Repeat the listing below verbatim, without its images.

BEGIN DATA SECTION

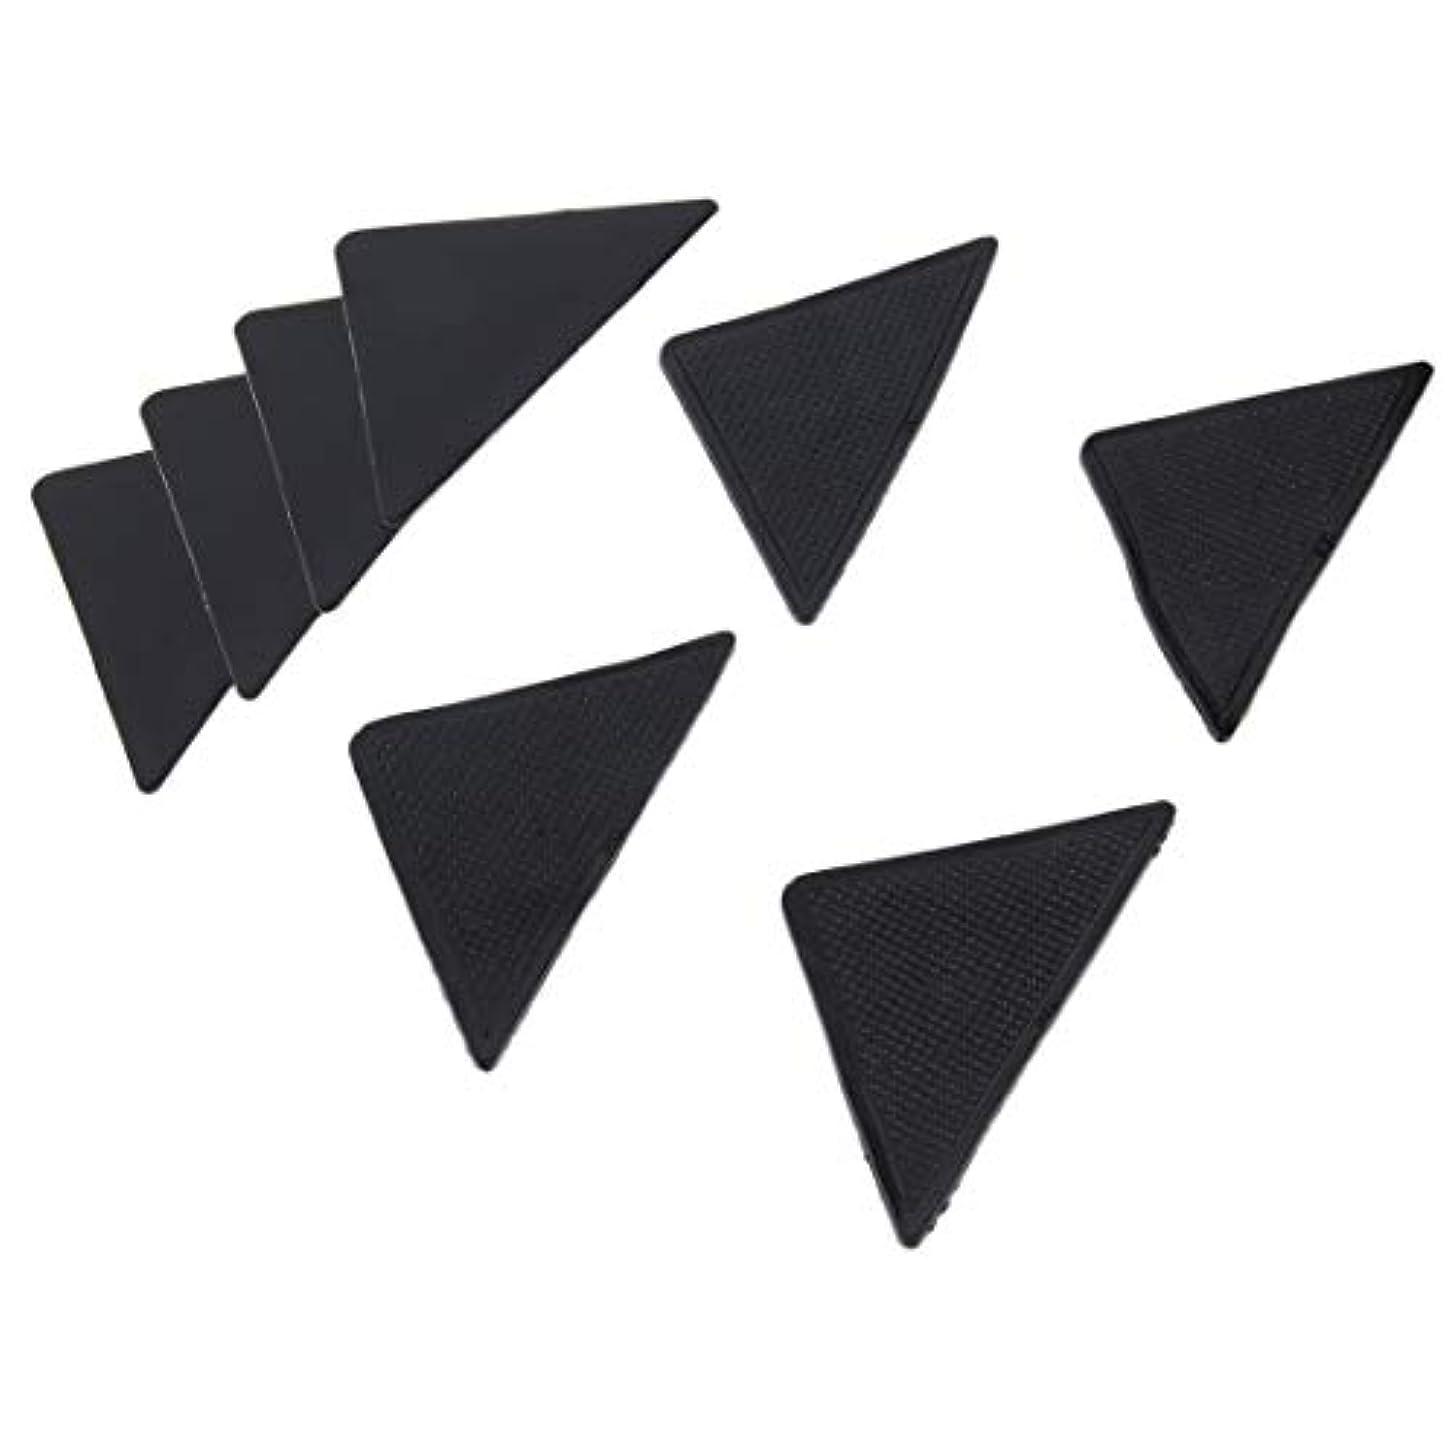 ペネロペコスト雪Swiftgood 4個の敷物のカーペットのマットのグリッパーの非スリップの反スキッドの再使用可能なシリコーンのグリップパッド
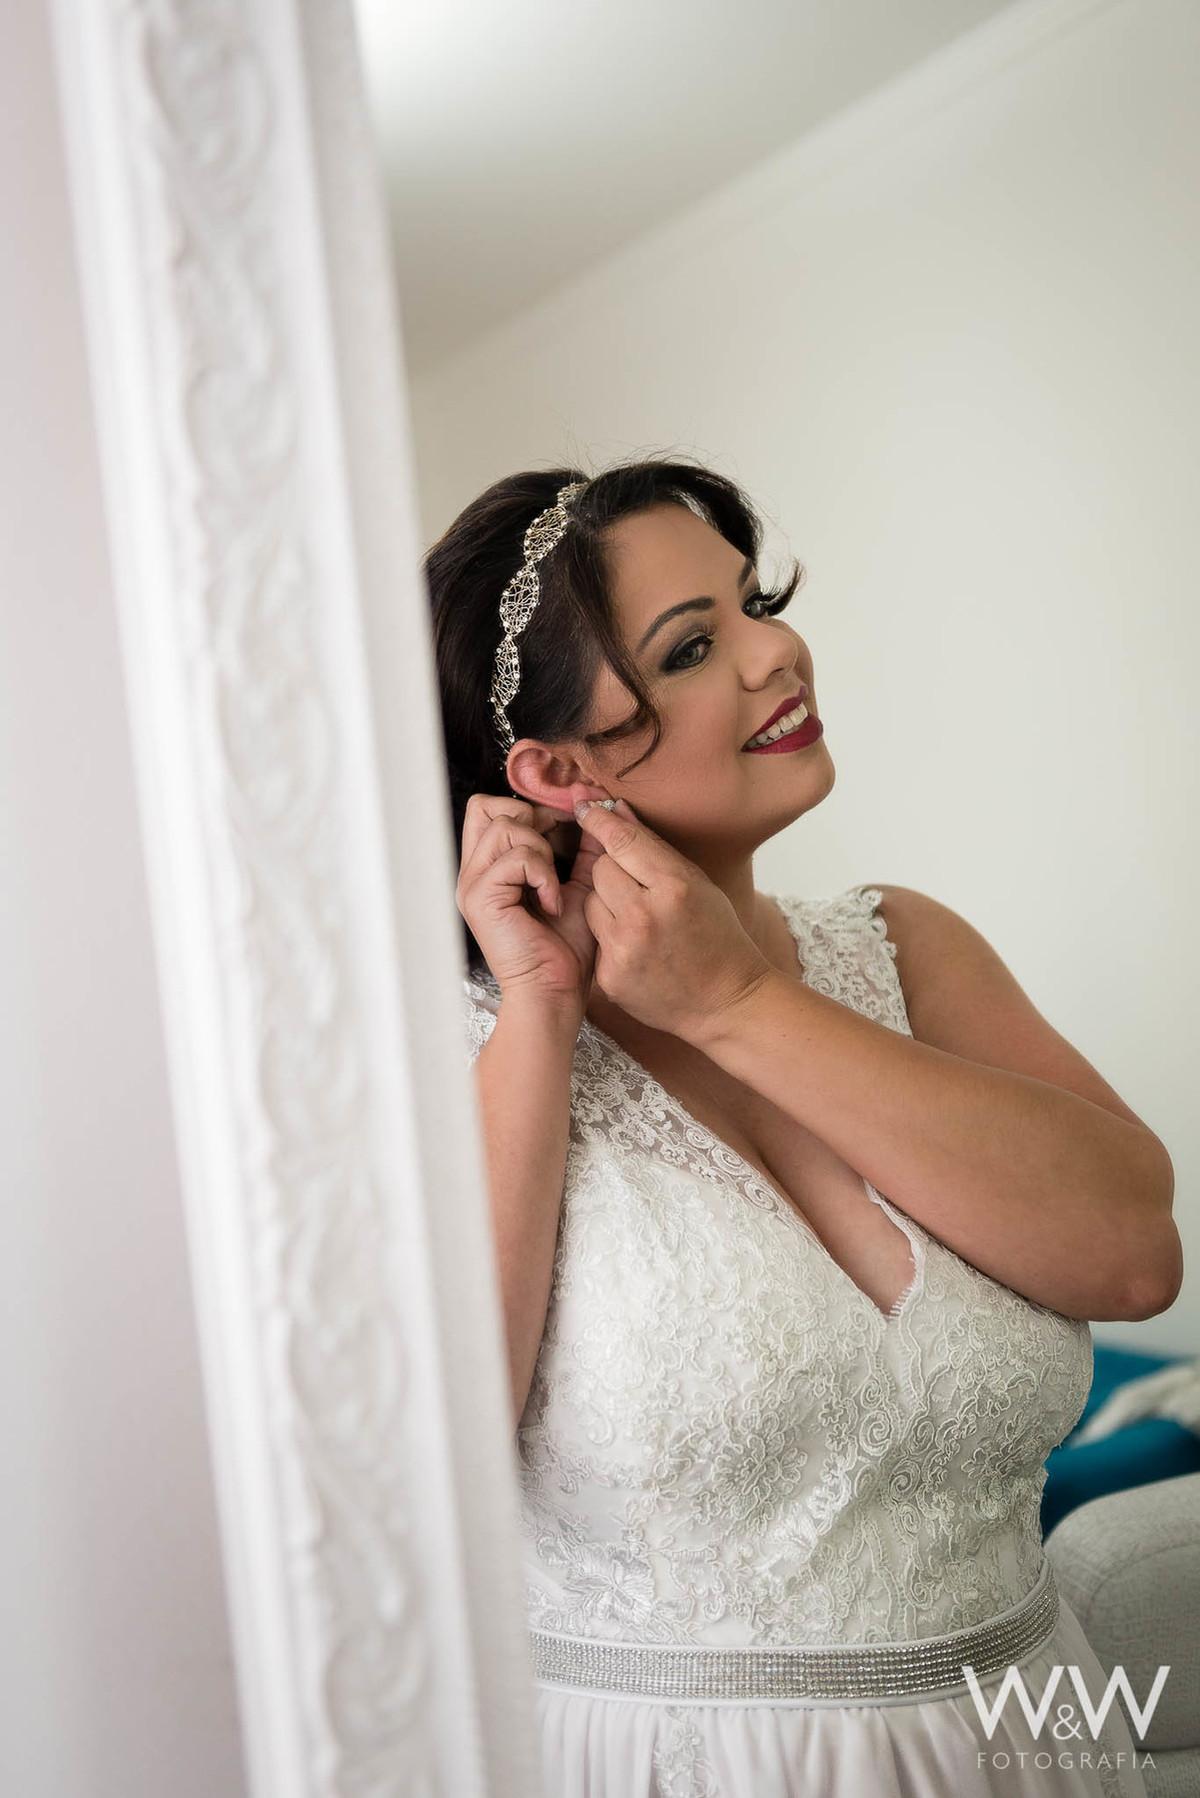 casamento são caetano do sul wew fotografia
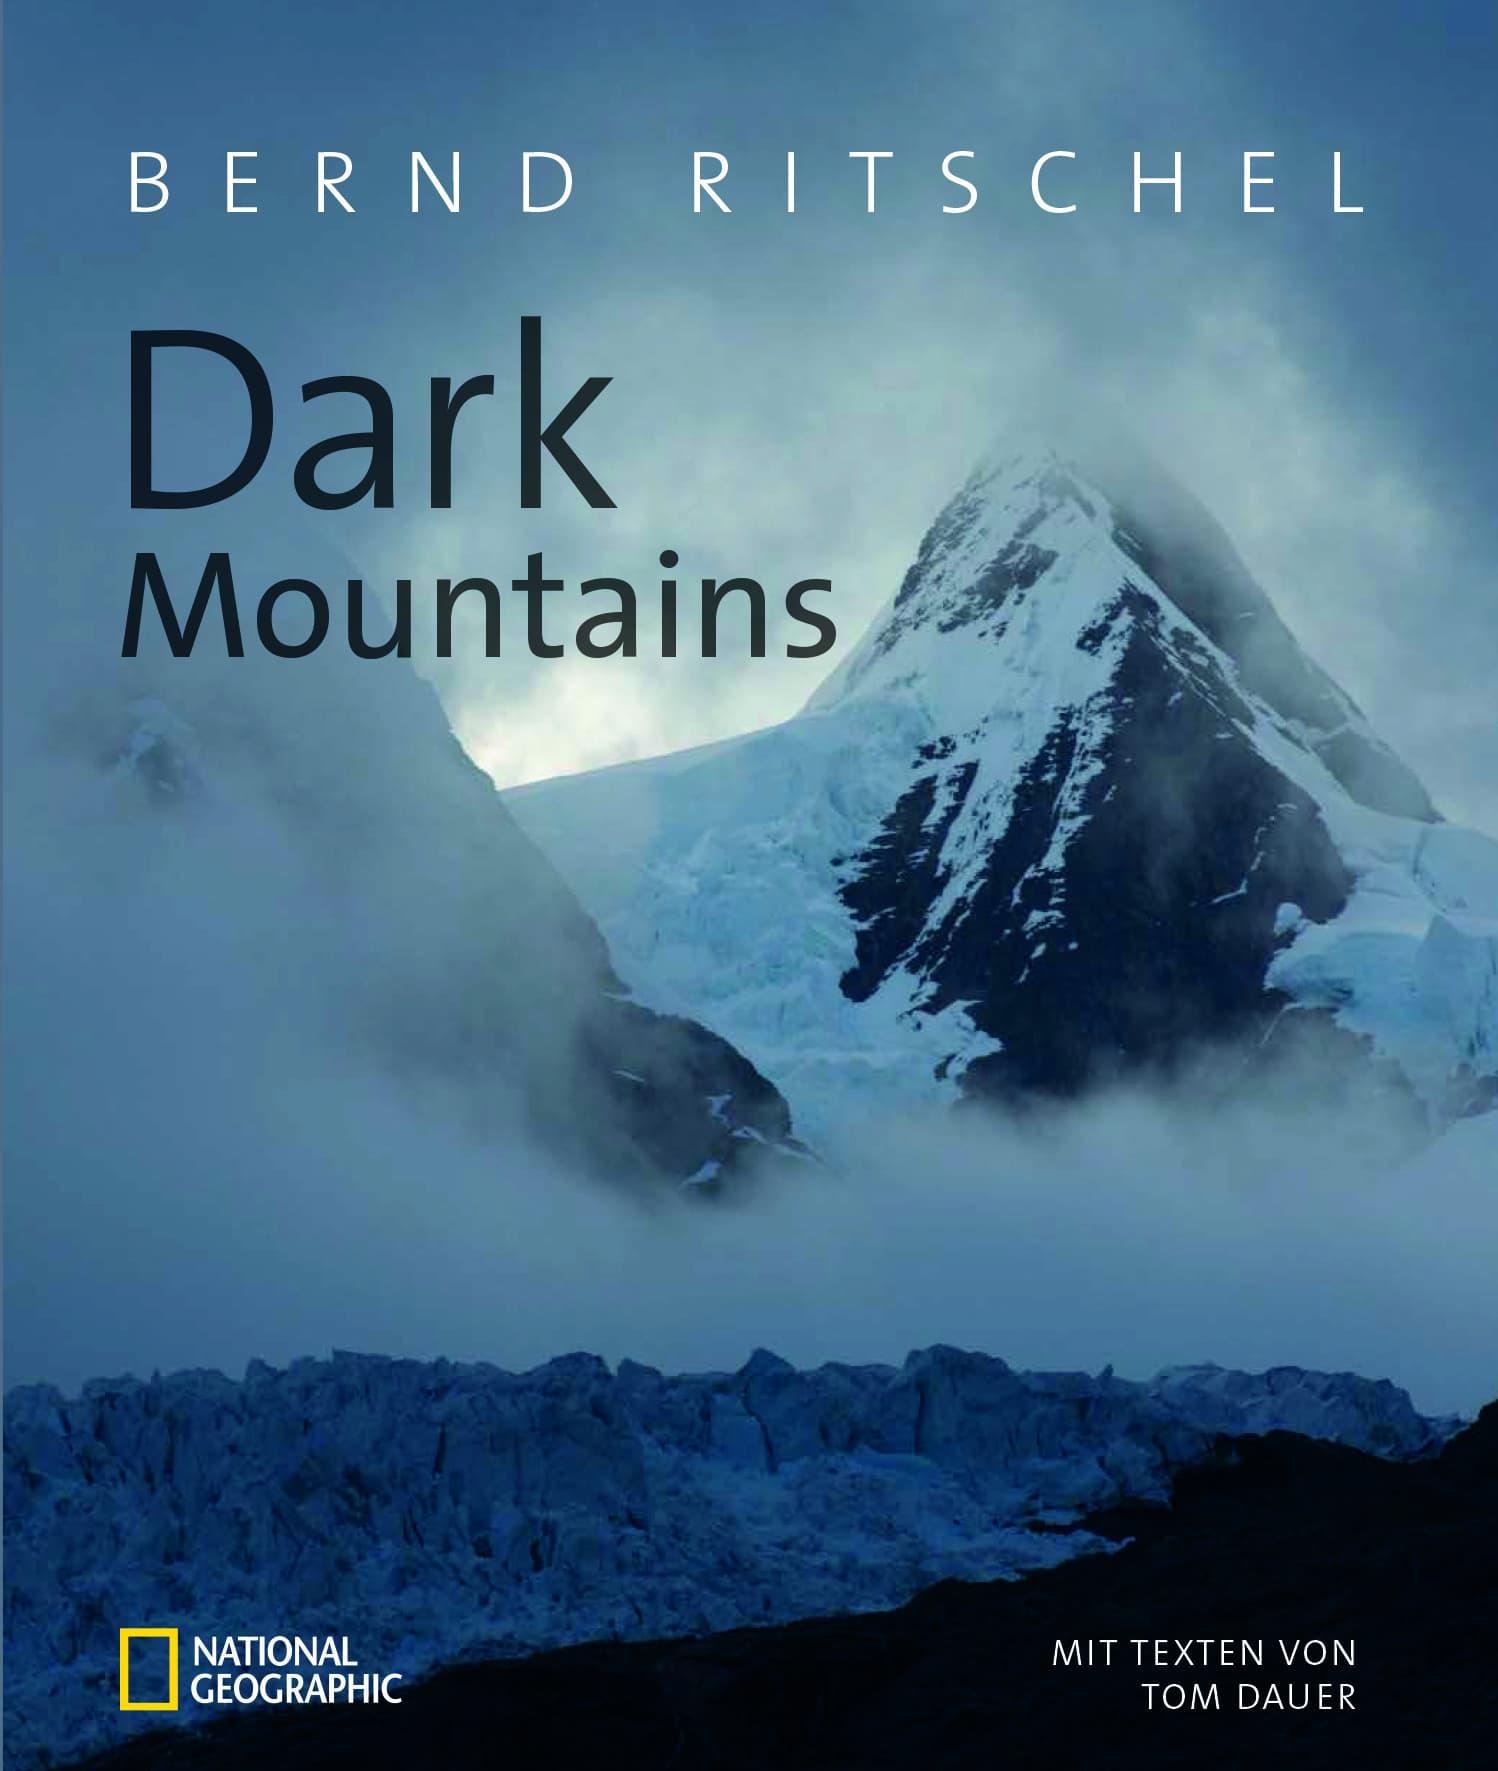 Buchcover Bildband Dark Mountains von Bernd Ritschel

END DATA SECTION

● OUTPUT BELOW
 ペネロペコスト雪Swiftgood 4個の敷物のカーペットのマットのグリッパーの非スリップの反スキッドの再使用可能なシリコーンのグリップパッド
 casamento são caetano do sul wew fotografia
 Buchcover Bildband Dark Mountains von Bernd Ritschel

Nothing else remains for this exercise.